▸ WHAT IS BEING ASKED
What are the lines, word for word, from the line with "Sad woman and" up to and including the line with "Browning Men's Box T-Shirt" in the records below? Omit the pictures.

▸ SUPPLIED DATA

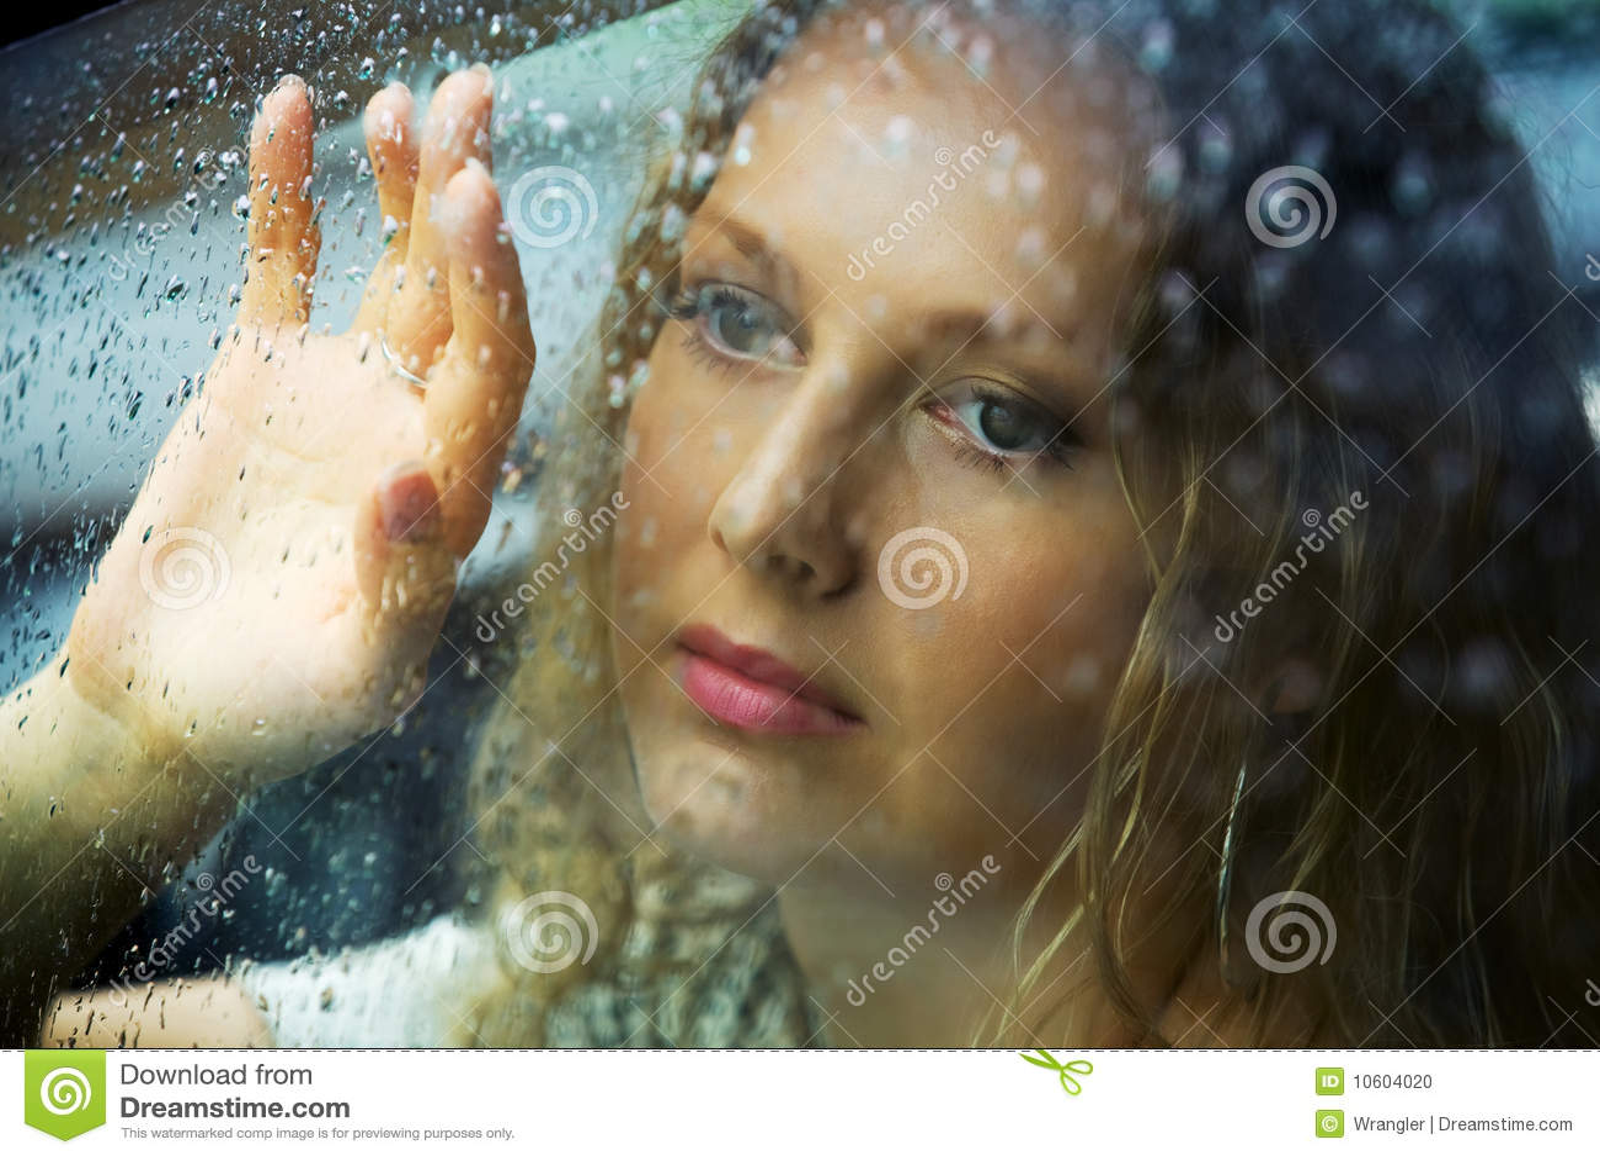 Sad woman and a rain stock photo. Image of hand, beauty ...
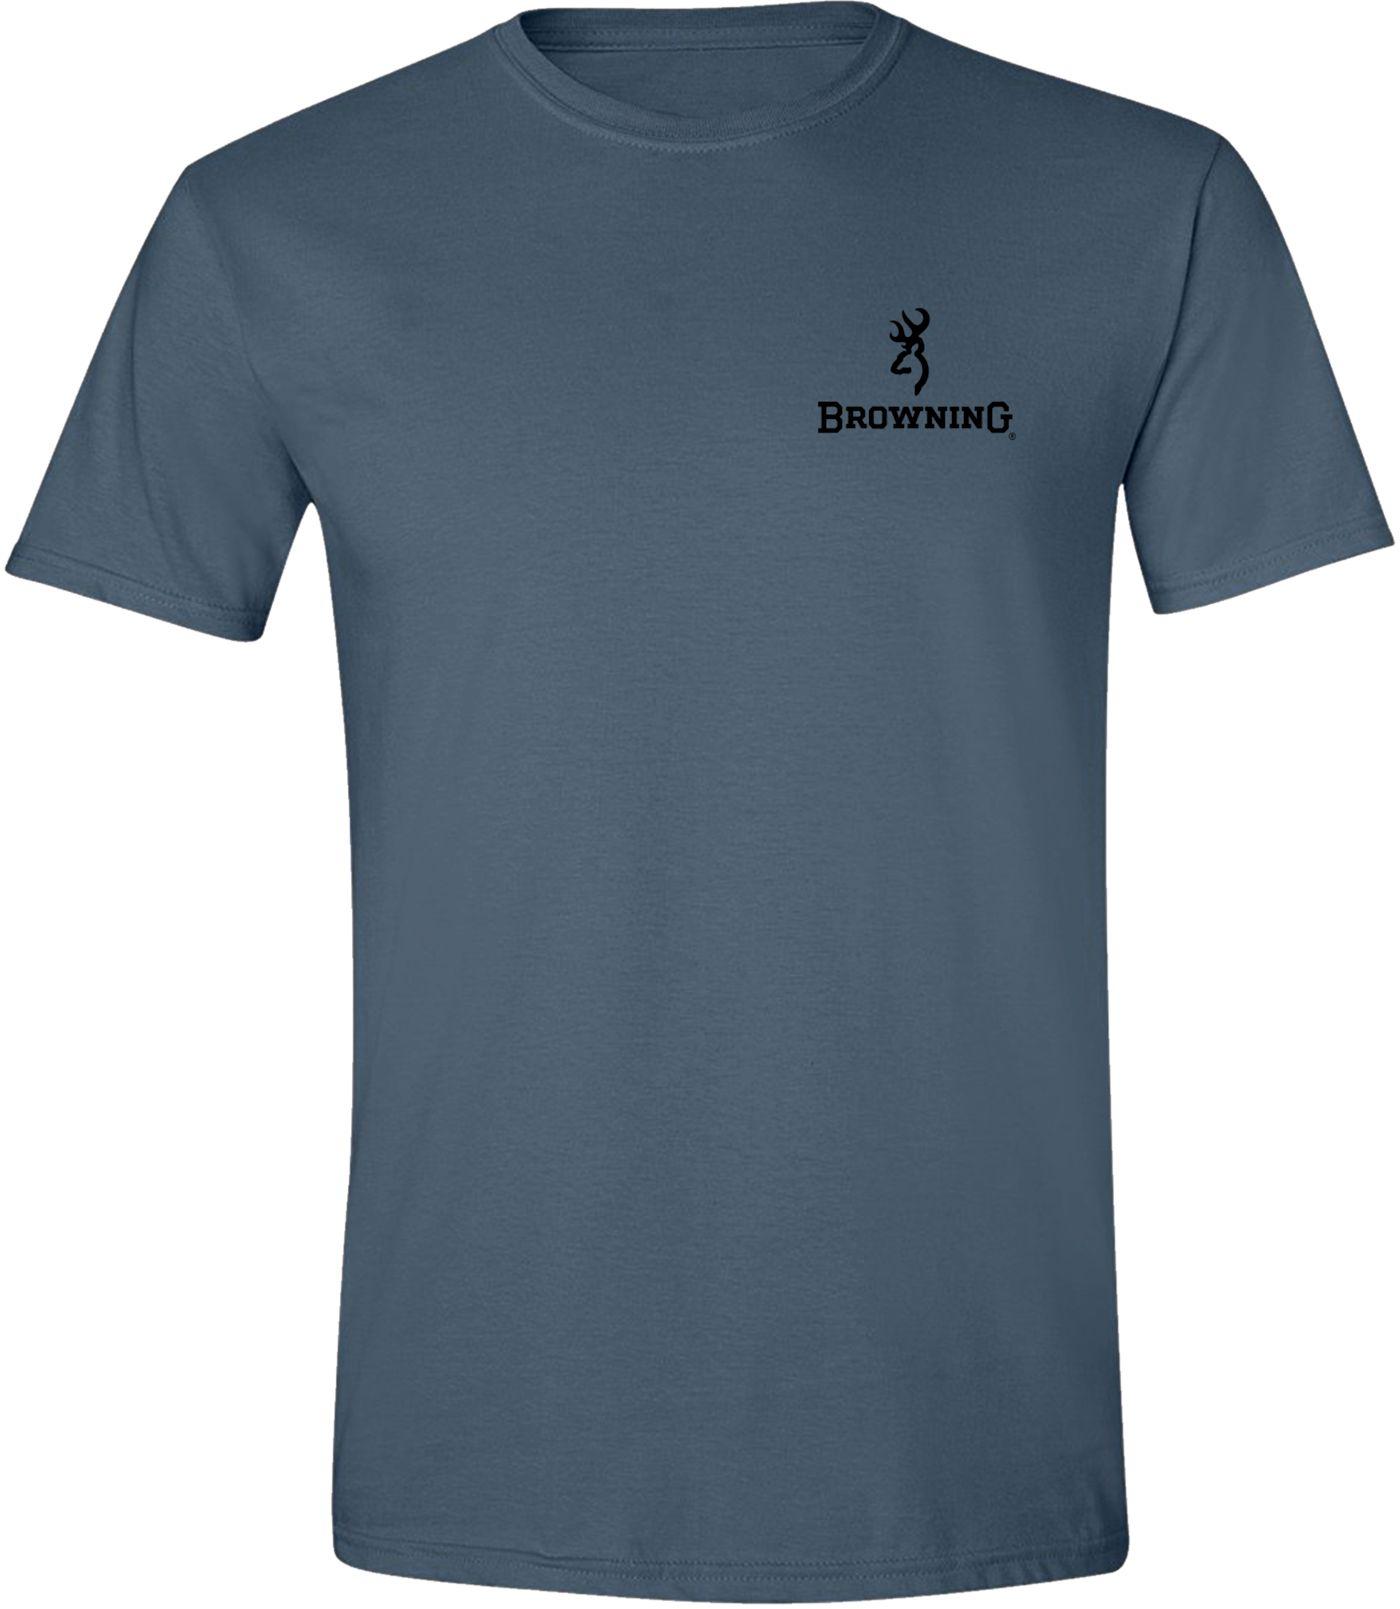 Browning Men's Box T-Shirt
* * *
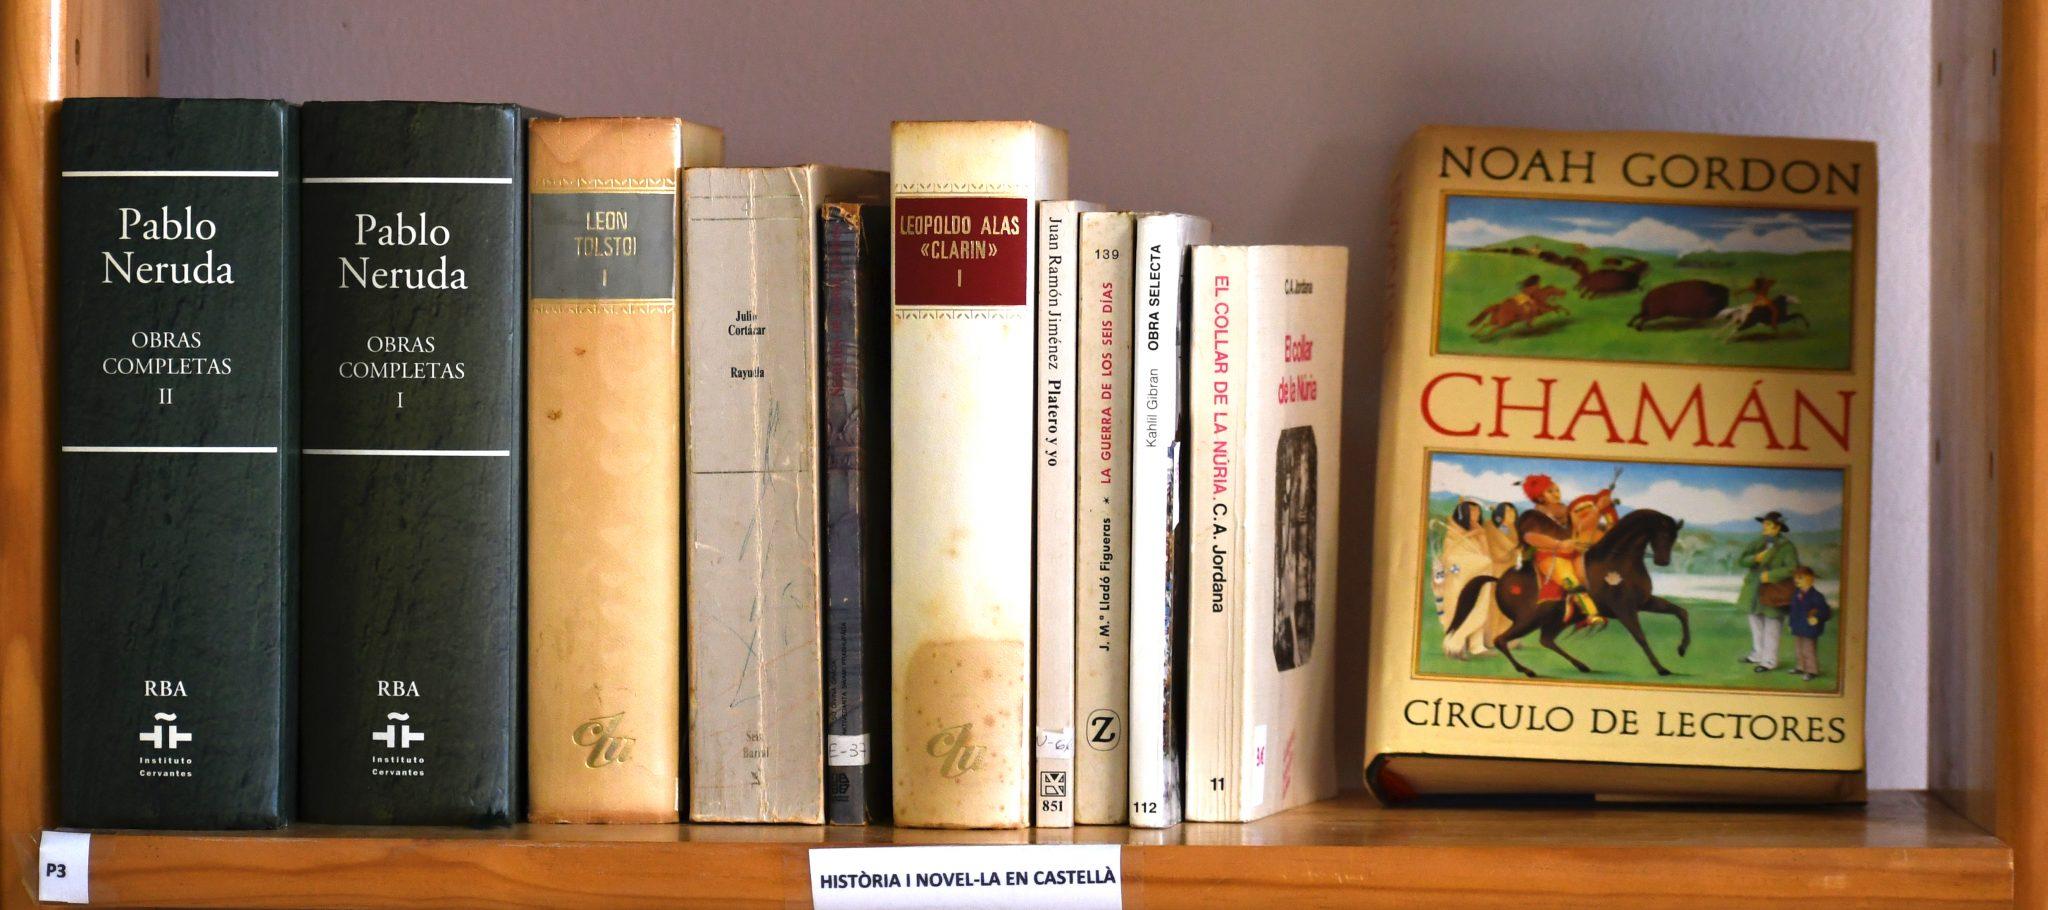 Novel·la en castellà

▸ ANSWER TO THE EXERCISE
 Sad woman and a rain stock photo. Image of hand, beauty ...
 Browning Men's Box T-Shirt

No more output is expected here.